Pub Date: March 14th, 2017
ISBN: 978-0-399-56209-9
Publisher: Pamela Dorman/Viking

This chain-smoking, margarita-swilling, varmint-shooting 68-year-old with secrets in her past is nothing like the other moms in town—and her 10-year-old daughter is terrified of losing her.

Willow Havens was conceived “in something close to a bona fide miracle, when [Polly Havens] and her soon-to-be-late husband of thirty-seven years consummated their love for the last time.” Three days after the funeral, Polly, in her late 50s at that point, learned she was pregnant. Advised by her doctor to terminate the pregnancy, she advised him to drop dead.

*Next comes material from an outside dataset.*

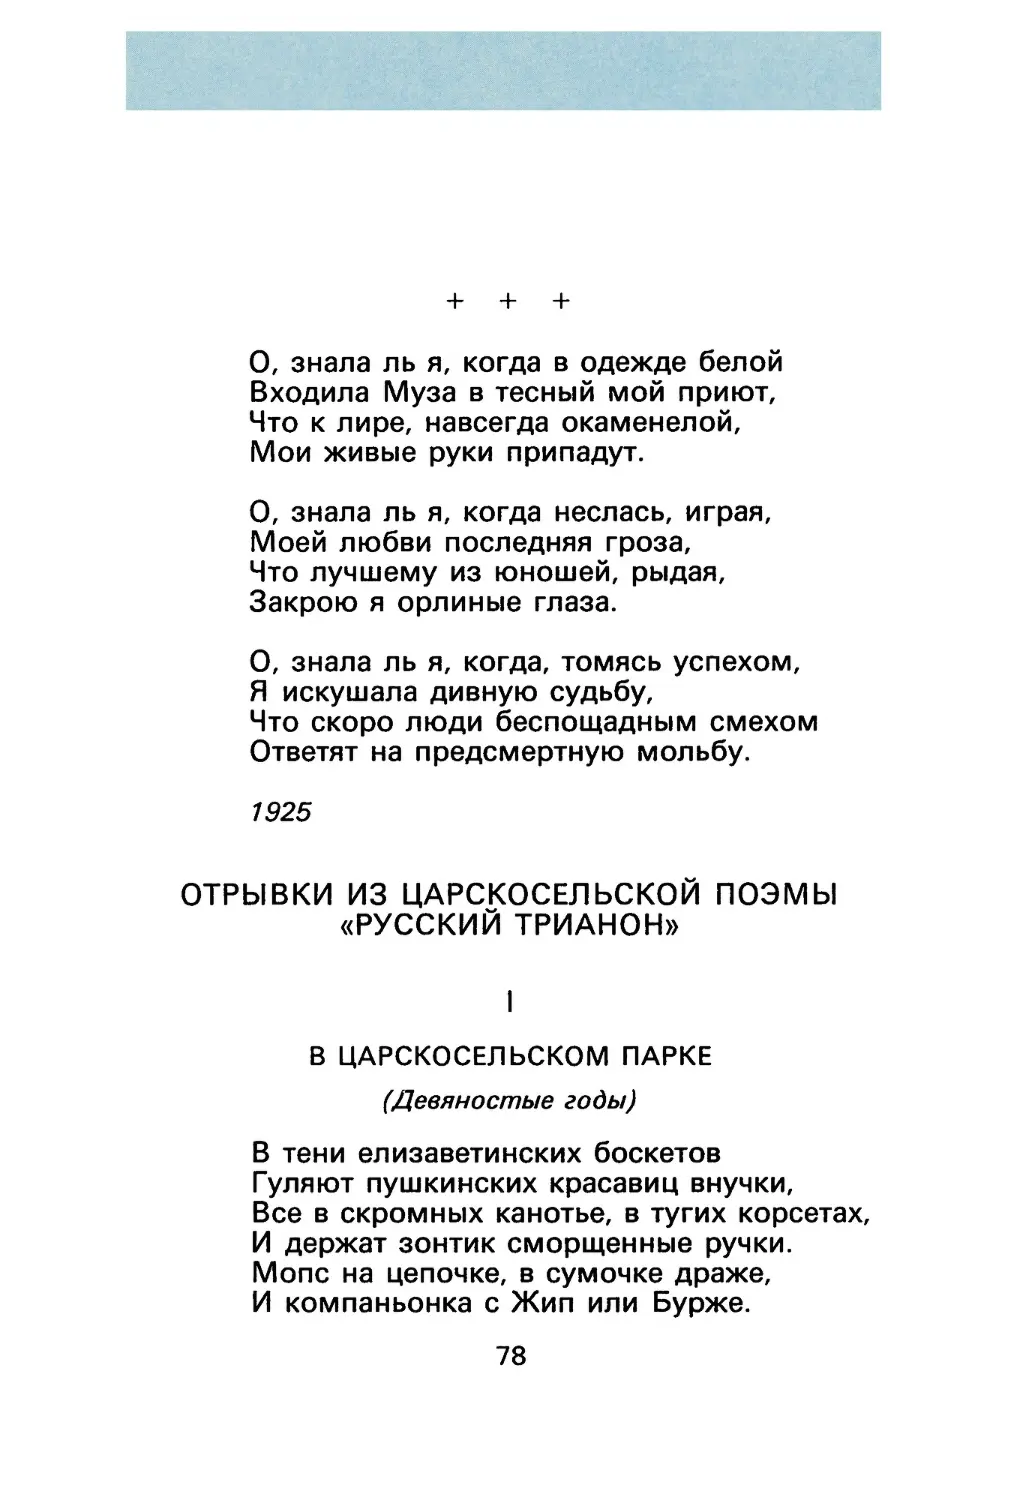 Анна Ахматова
Отрывки из царскосельской поэмы «Русский Трианон»

Five months later, Willow was born, and Polly raises her the same way she raised her first two, long since grown and gone: “Folksy southern wisdom and distinctly custom-made punishments.” But Willow is worried. “What tormented me most, even more than [her]secrets, were her cigarettes.” Polly works as a checker at Walgreens, but her real calling is her flower and vegetable garden, “which encompassed most of our front and back yards” and is the source of epic feuds with squirrels and other "varmints" ranging from beetles, stinkbugs, and squirrels to the neighbors’ pets and the neighbors themselves. Hepinstall’s (Blue Asylum, 2012, etc.) lively story follows the pair into Willow’s teen years, when her best friend, Dalton, becomes a boyfriend and she starts to spend time with girls who have very different lives: mothers with Fendi bags and Pilates classes and crews of Mexican workers cleaning their mansions. Willow’s brother Shel comes home from Mexico, where he’s been nursing his wounds since his wife dumped him. When Willow suggests he try internet dating, Polly wonders what he’ll put in his profile. “Drunk, hates women, no job, lives with mother?” When Polly comes down with a case of the Bear, which is the family’s word for cancer, Willow’s worst fears take shape.

Classic elements of Southern comedy—evil twins, people dropping dead, a faith healer, a river-rafting trip—surround a lovable pair of central characters.